IRS clarifies temporary deductibility of per diem meal expenses
An employee’s per diem may be 100% deductible for 2021 and 2022
TAX ALERT |
The IRS has issued Notice 2021-63, clarifying previous guidance issued under Notice 2021-25 pertaining to the deductibility of food and beverages provided by a restaurant. As our previous alert discussed, Congress provided a temporary exception to the 50% business deduction for certain business meals under the Taxpayer Certainty and Disaster Relief Act of 2020 (the Act). The temporary exception under the Act allows a 100% deduction for business meals if the food or beverages are provided by restaurants after Dec. 31, 2020 and before Jan. 1, 2023.
Notice 2021-25 was released following the introduction of this exception by the Act, providing guidance on which businesses do and do not qualify as ‘restaurants’ for this purpose and whether food or beverages are deductible if provided in conjunction with an entertainment event. However, one point Notice 2021-25 did not address was how the 100% exception applies to meals provided to employees through per diem or meal allowances.
Under Internal Revenue Code section 274(d), meals provided to employees while traveling away from home are generally nondeductible unless the employee and employer can substantiate the expenses in a manner that satisfies requirements under the section 274 regulations. These regulations require receipts, paid bills or other similar evidence to substantiate the deductions. Per diem amounts (under the IRS per diem guidance) generally do not require as much substantiation. Per diems can only be provided while an employee travels away from home overnight for business. Thus, it was not clear whether meal expenses paid or incurred under the per diem guidance were business expenses that could be fully deductible under the temporary change to the business meals deduction rules.
Notice 2021-63 addresses this ambiguity and clarifies that the meal portion of an employee’s per diem is in fact includable in the 100% deduction exception for meals provided by a restaurant. It further provides that if taxpayers follow the general per diem rules outlined in Rev. Proc. 2019-48, the substantiation requirements of the section 274 regulations are automatically satisfied. Therefore, under these conditions, any portion of an employee’s per diem pertaining to food or beverages provided by a restaurant is 100% deductible for expenses paid or incurred from Jan. 1, 2021 through Dec. 31, 2022. For a company that does not pay a meals per diem based on the full federal per diem amount and is required to allocate 40% of the total per diem as a meals allowance, the 40% amount is treated as deductible as food or beverage expense.

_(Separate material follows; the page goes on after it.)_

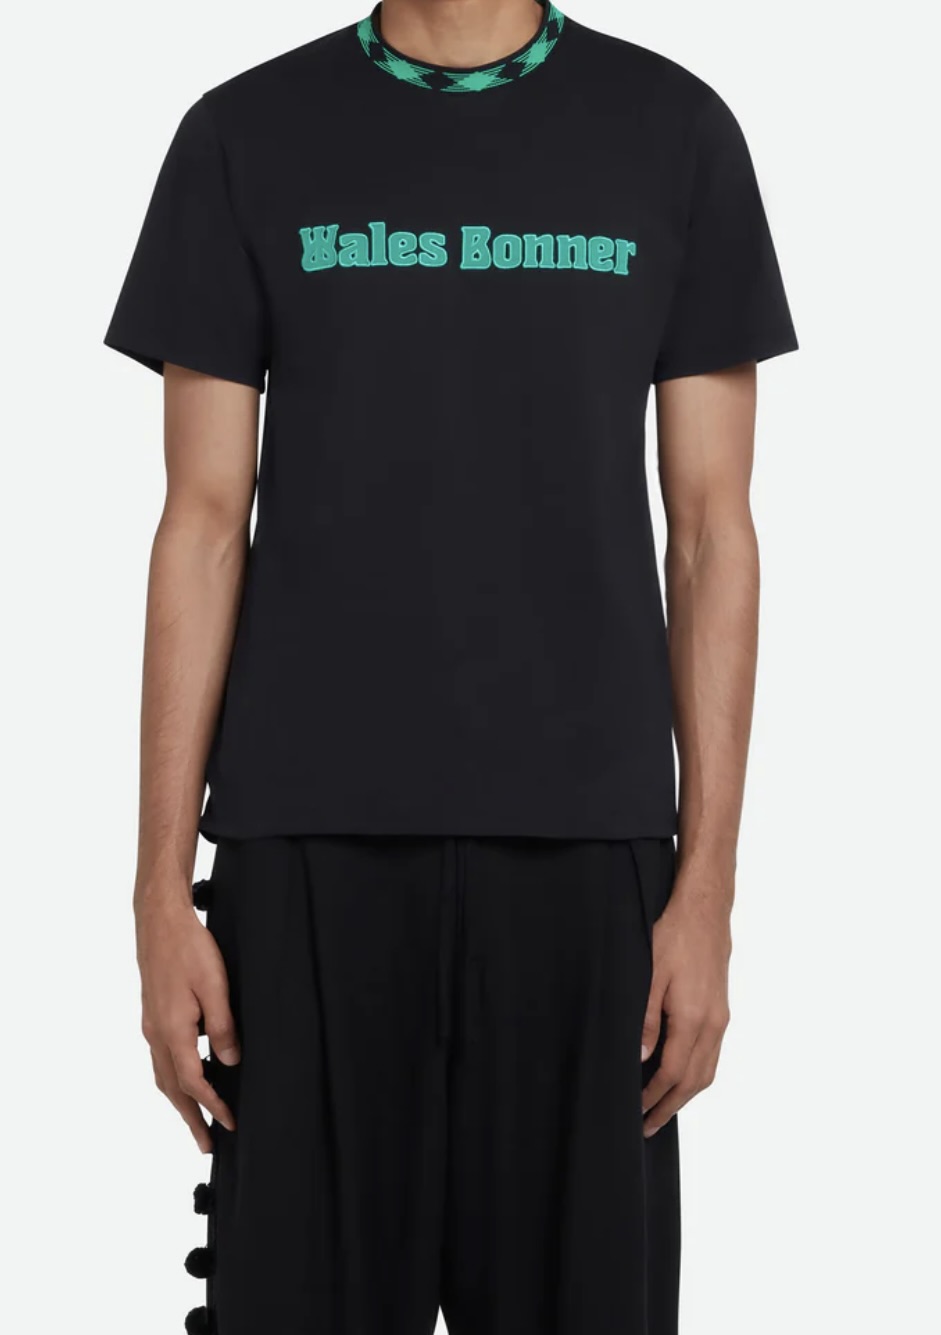 WALES BONNER ORIGINAL T-SHIRT

This taxpayer-friendly deduction opportunity will affect upcoming tax filings beginning with the 2021 tax year. Taxpayers should review their per diem and meal allowance arrangements to determine whether they are following the rules outlined in Rev. Proc. 2019-48 and should have discussions with their tax advisors to determine whether the expenses under their arrangements qualify for the 100% deduction exception so that such deductions can be taken on their 2021 tax returns.